**TO DO**
Find the line with "women applying clear brow gel" in the entries below, then output every line from it down to the line with "Newsletter fiaf di", exactly and with no pictures.

**SUPPLIED MATERIAL**
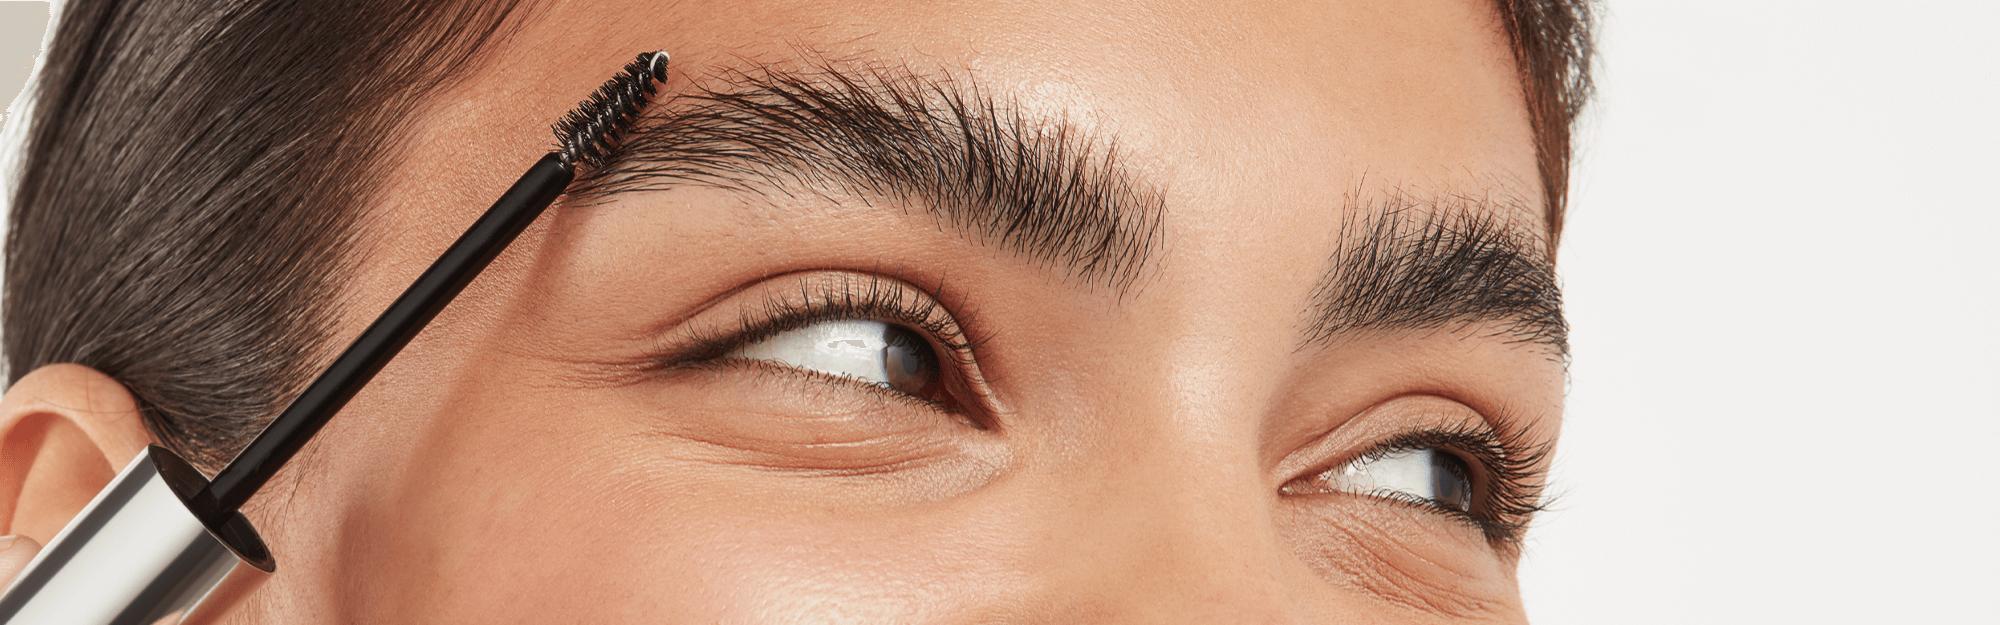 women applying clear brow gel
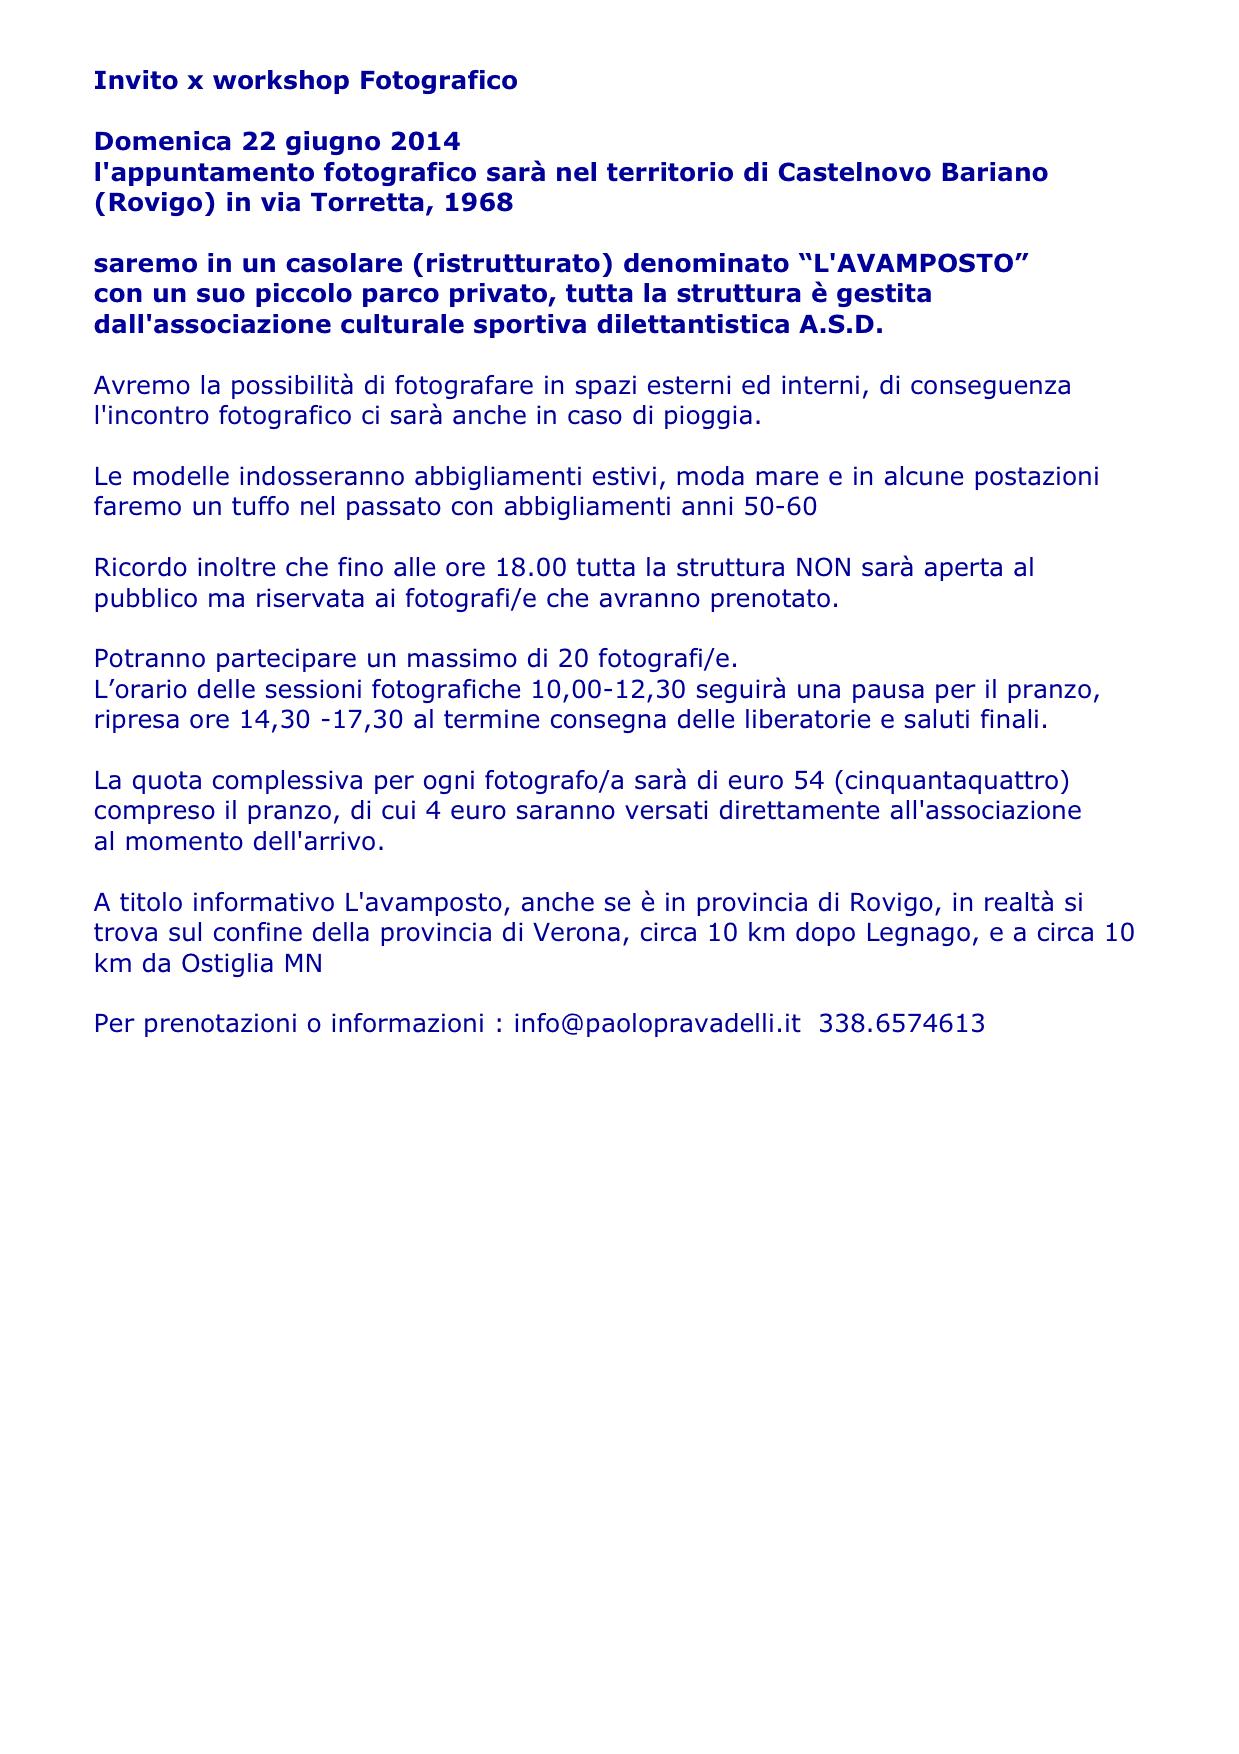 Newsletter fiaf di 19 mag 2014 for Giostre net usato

...

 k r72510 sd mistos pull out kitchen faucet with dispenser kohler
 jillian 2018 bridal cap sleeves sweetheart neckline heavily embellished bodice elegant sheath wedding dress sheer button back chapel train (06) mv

---

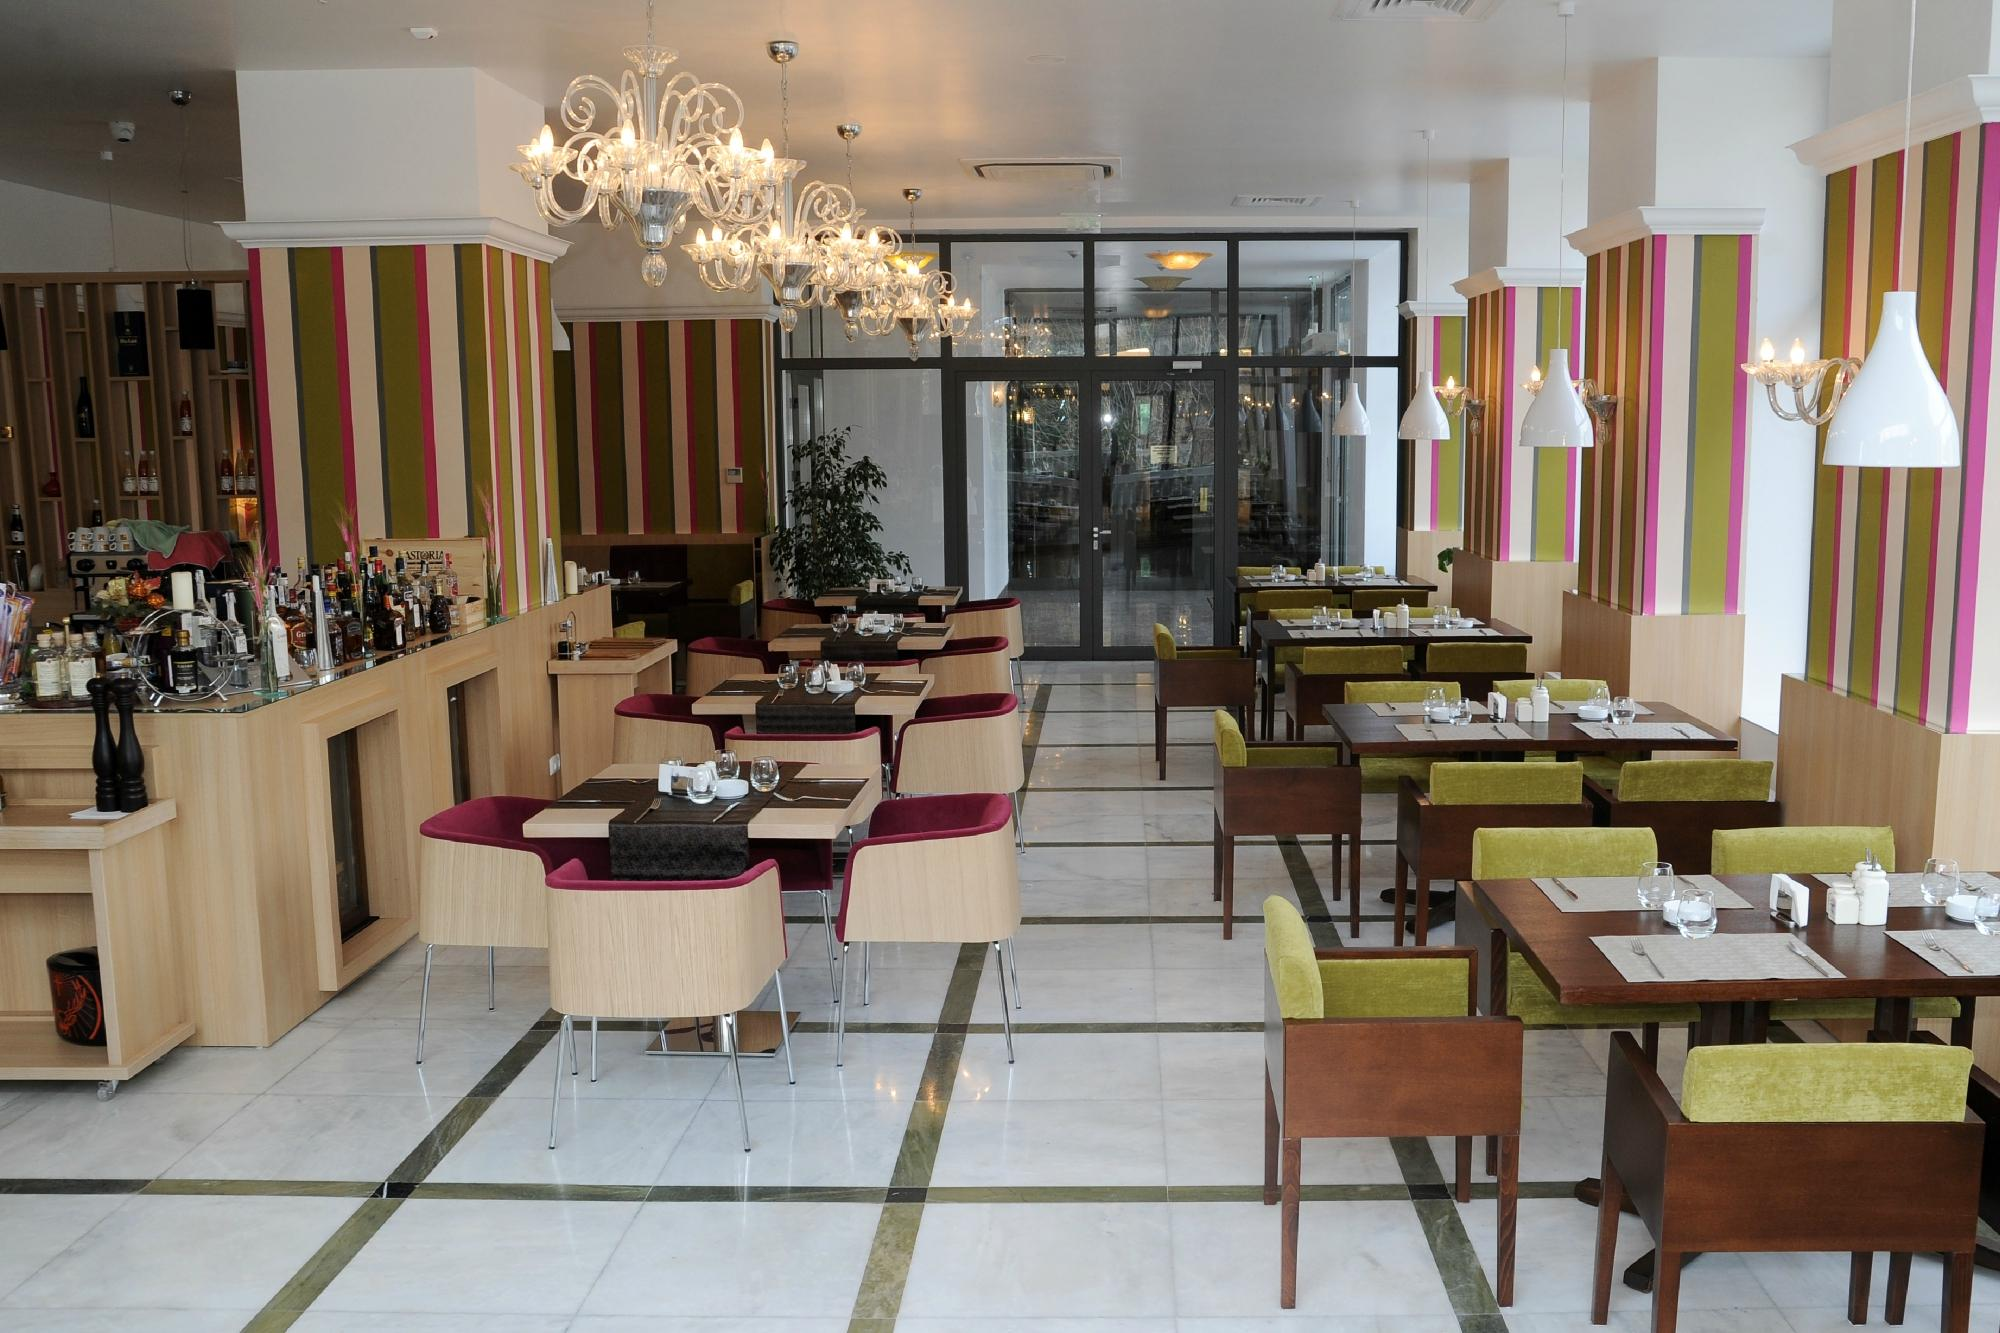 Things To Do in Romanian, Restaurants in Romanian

**EXERCISE RESPONSE**
 women applying clear brow gel
 Newsletter fiaf di 19 mag 2014 for Giostre net usato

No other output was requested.